In the records below, find the line with "ClimatePro Installs 3M", then retype it and every following line exactly, stopping after the line with "One More Chapter Club | Women’s crop top". Leave the pictures out.

** Source data follows **

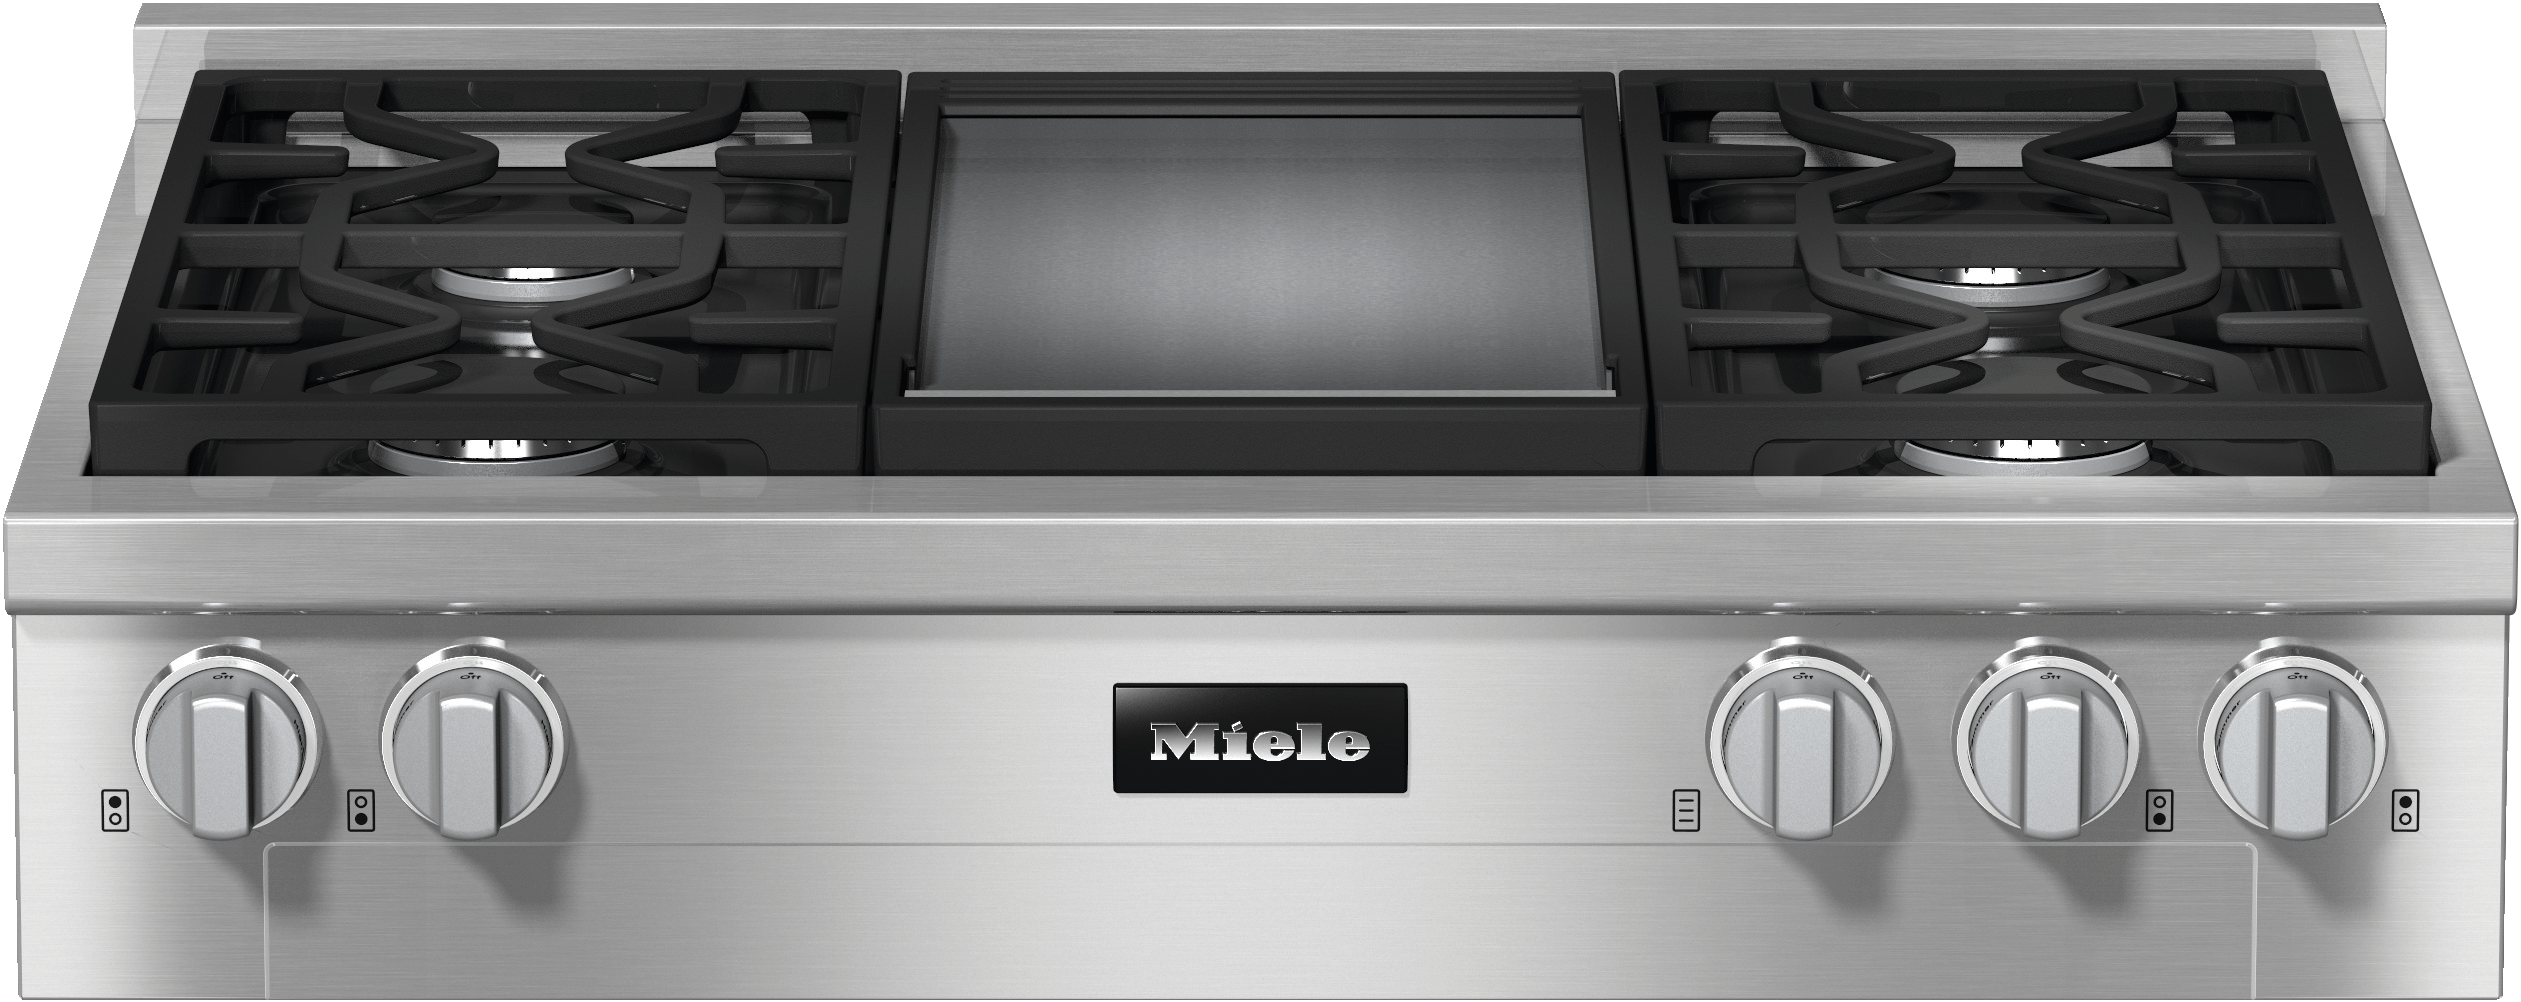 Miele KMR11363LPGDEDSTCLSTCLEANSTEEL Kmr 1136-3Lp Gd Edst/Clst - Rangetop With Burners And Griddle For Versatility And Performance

** End of Source data **
** Source data follows **

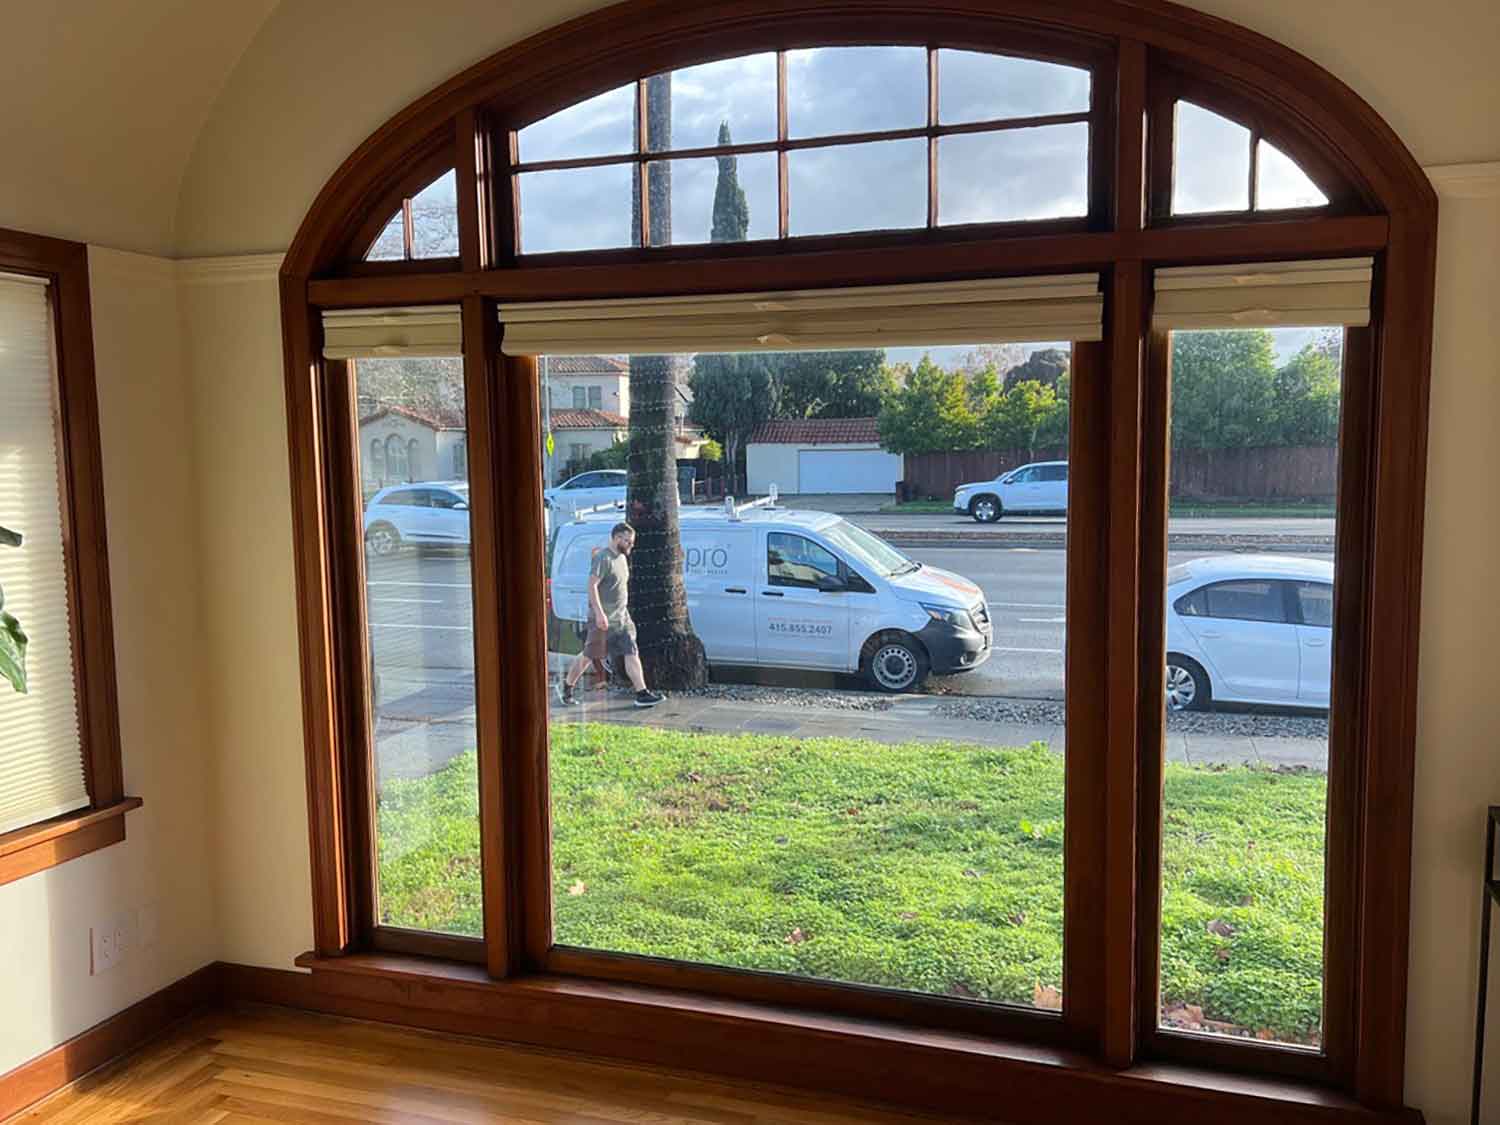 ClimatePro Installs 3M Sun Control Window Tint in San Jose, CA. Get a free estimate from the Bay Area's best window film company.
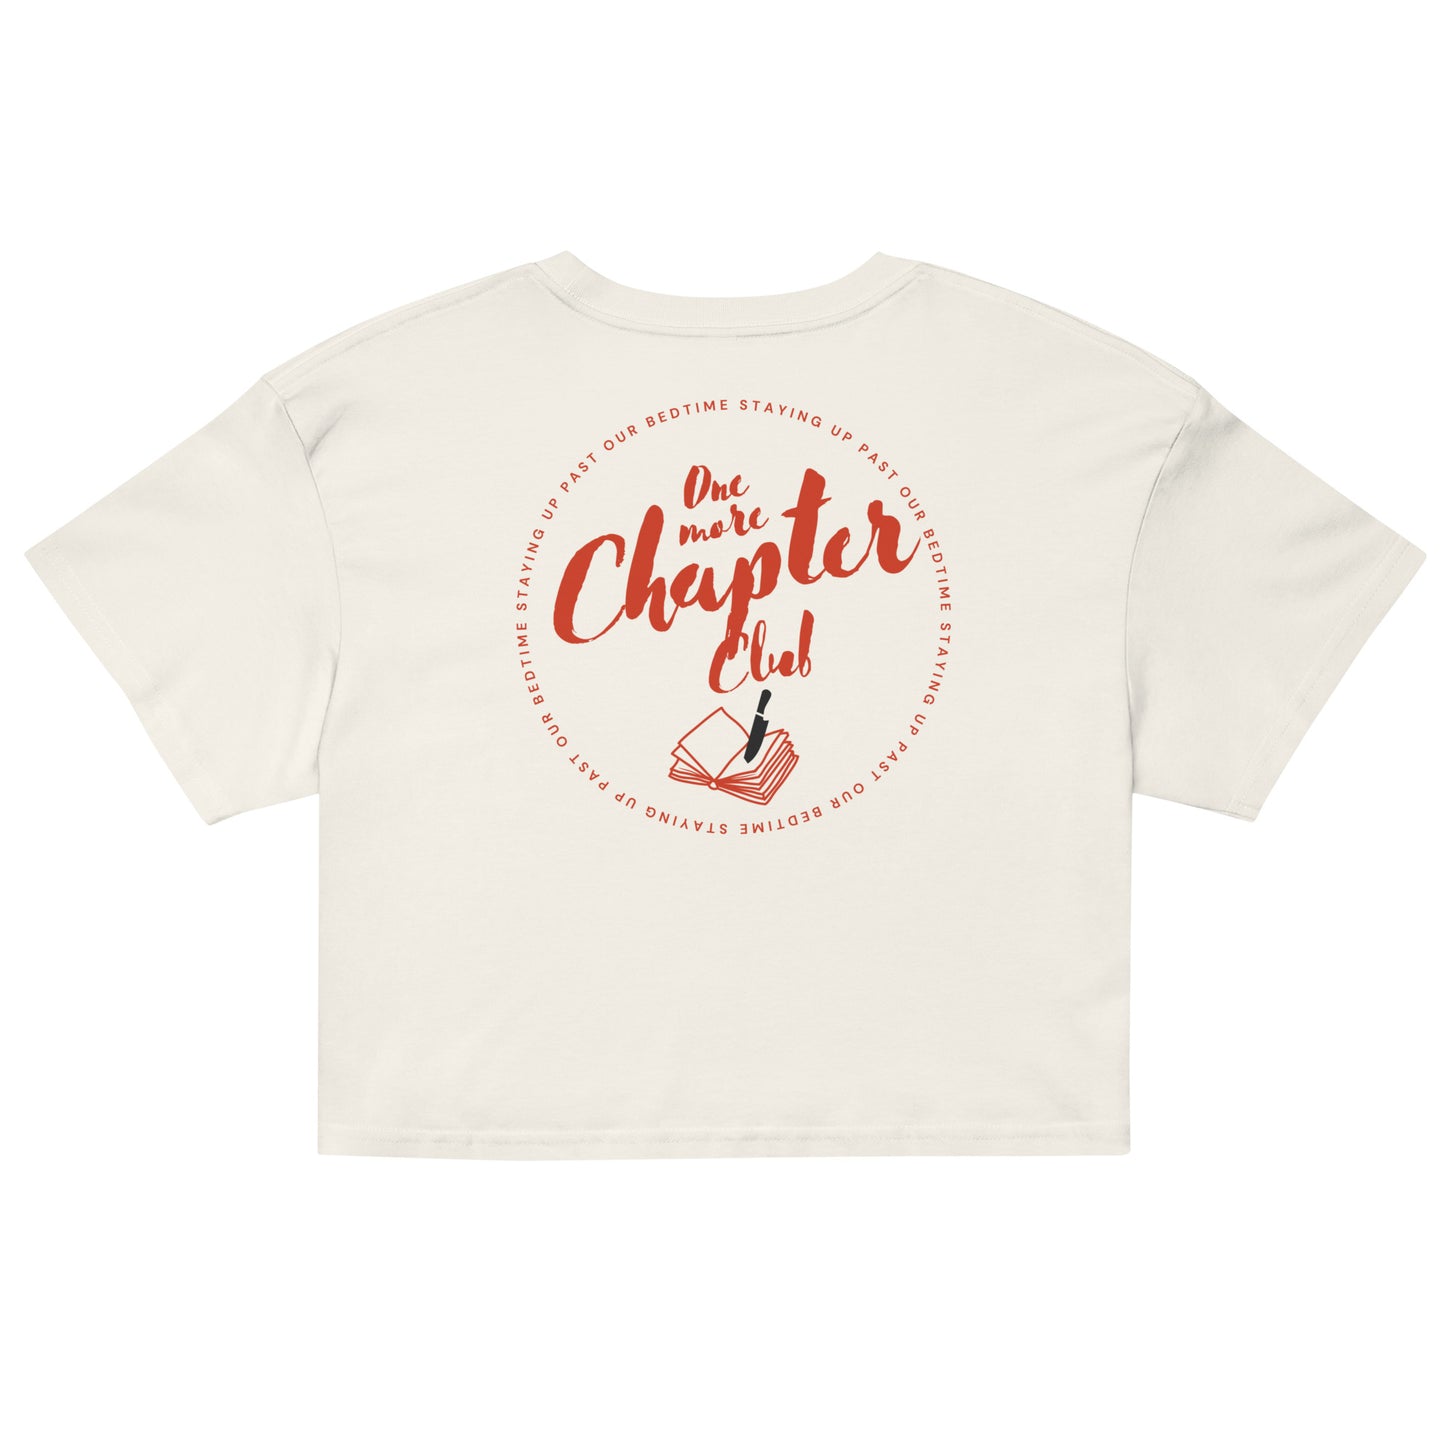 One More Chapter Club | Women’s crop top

** End of Source data **
** Source data follows **

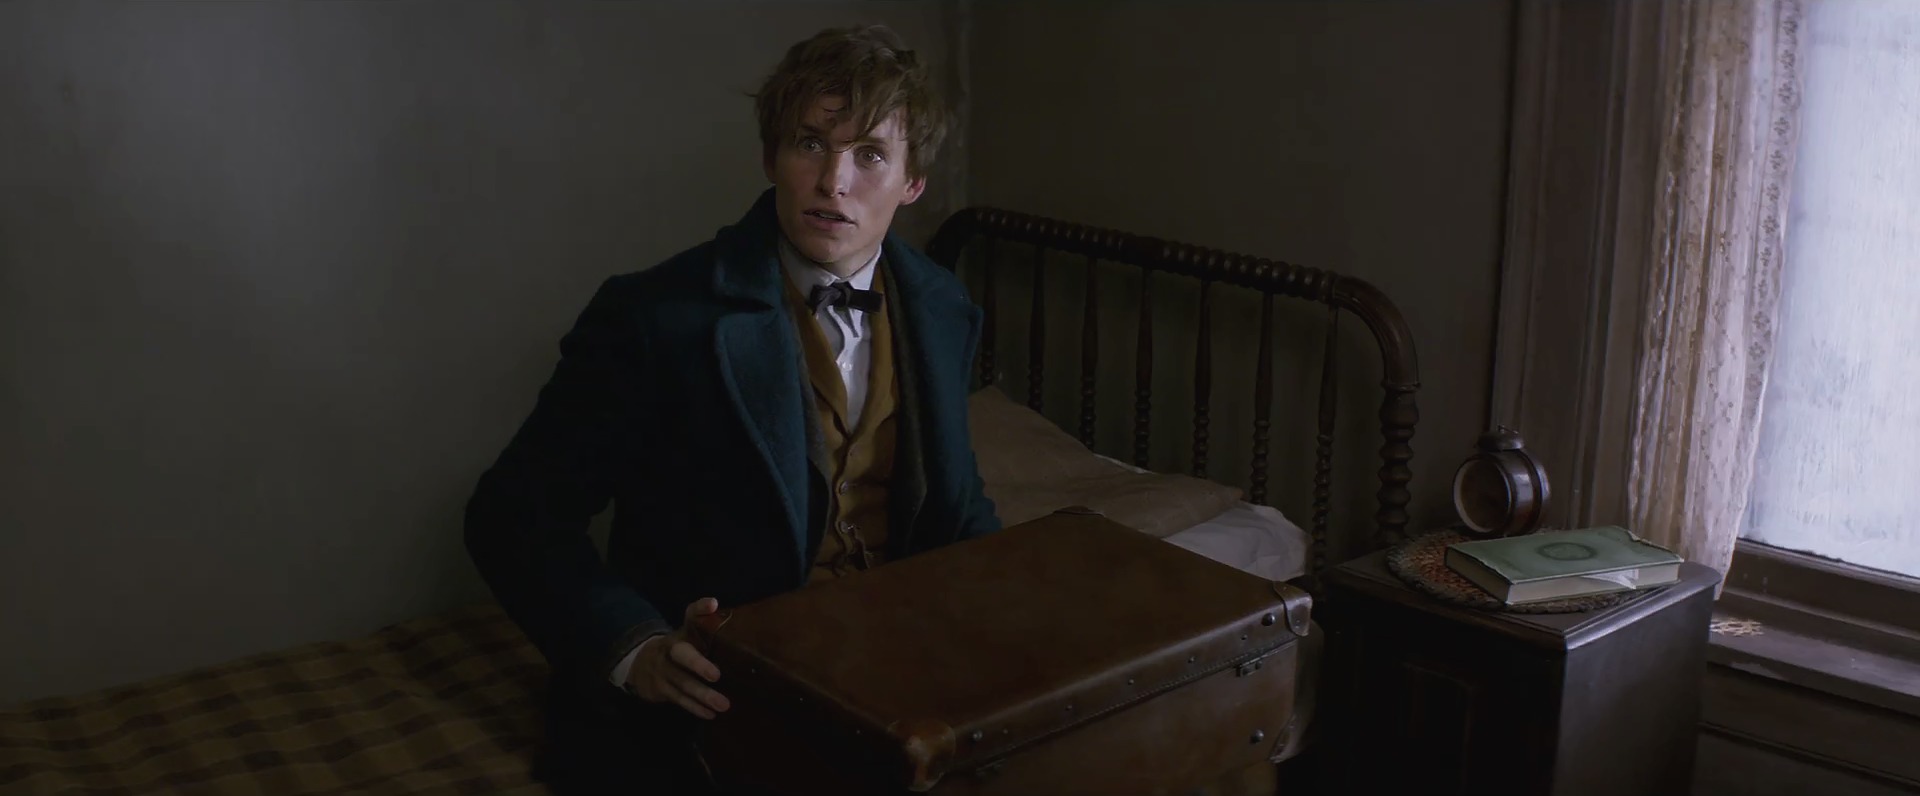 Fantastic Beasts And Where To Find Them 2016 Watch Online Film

** End of Source data **

**Task output:**
 ClimatePro Installs 3M Sun Control Window Tint in San Jose, CA. Get a free estimate from the Bay Area's best window film company.
 One More Chapter Club | Women’s crop top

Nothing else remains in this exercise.